The high sensitivity of a 3-min antiphasic DIN to detect hearing loss of various types, symmetries, and degrees holds significant potential for population-based screening. CHL, in the form of otitis media, is typically more prevalent among underserved, remote, and poor populations than other forms of hearing loss (Hunter et al. 2007; Cameron et al. 2014) but is not easily detected with currently used DIN tests. Because the DIN can be used in children as young as 4 years of age (Koopmans et al. 2018), the antiphasic DIN test may be a means of early identification in those populations, once age-specific normative SRT scores are established. School-aged screening programs where the DIN has already been successfully implemented (Denys et al. 2018) could similarly benefit from an antiphasic variant to improve sensitivity and reduce test duration from a monaural to a binaural test. Of course, the completion of a single antiphasic DIN test would not be able to differentiate between either CHL or SNHL or as with monaural testing, between unilateral or bilateral hearing loss. However, following up on initial screening with other DIN variants (e.g., monaural, filtered, or modulated noise) for those who fail the antiphasic test could potentially allow for categorization into bilateral, unilateral, or CHL.

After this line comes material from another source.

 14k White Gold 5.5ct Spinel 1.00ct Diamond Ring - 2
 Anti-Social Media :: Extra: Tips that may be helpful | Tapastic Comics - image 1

A smartphone platform of test delivery has proved a successful method of screening, allowing for directed referrals from cloud-based data management platforms (De Sousa et al. 2018), thereby optimizing resource allocation. Furthermore, it has been shown that the test can be done reliably across various smartphone devices (either iOS or Android operated) and transducers (Potgieter et al. 2015; De Sousa et al. 2018). Analysis of the hearZA tests taken approximately a year and a half after its release showed high test uptake (>30,000 tests), especially among an important target population of users younger than 40 years (De Sousa et al. 2018). The development of the antiphasic DIN test in other language variants, however, is recommended to make it accessible to a large global audience.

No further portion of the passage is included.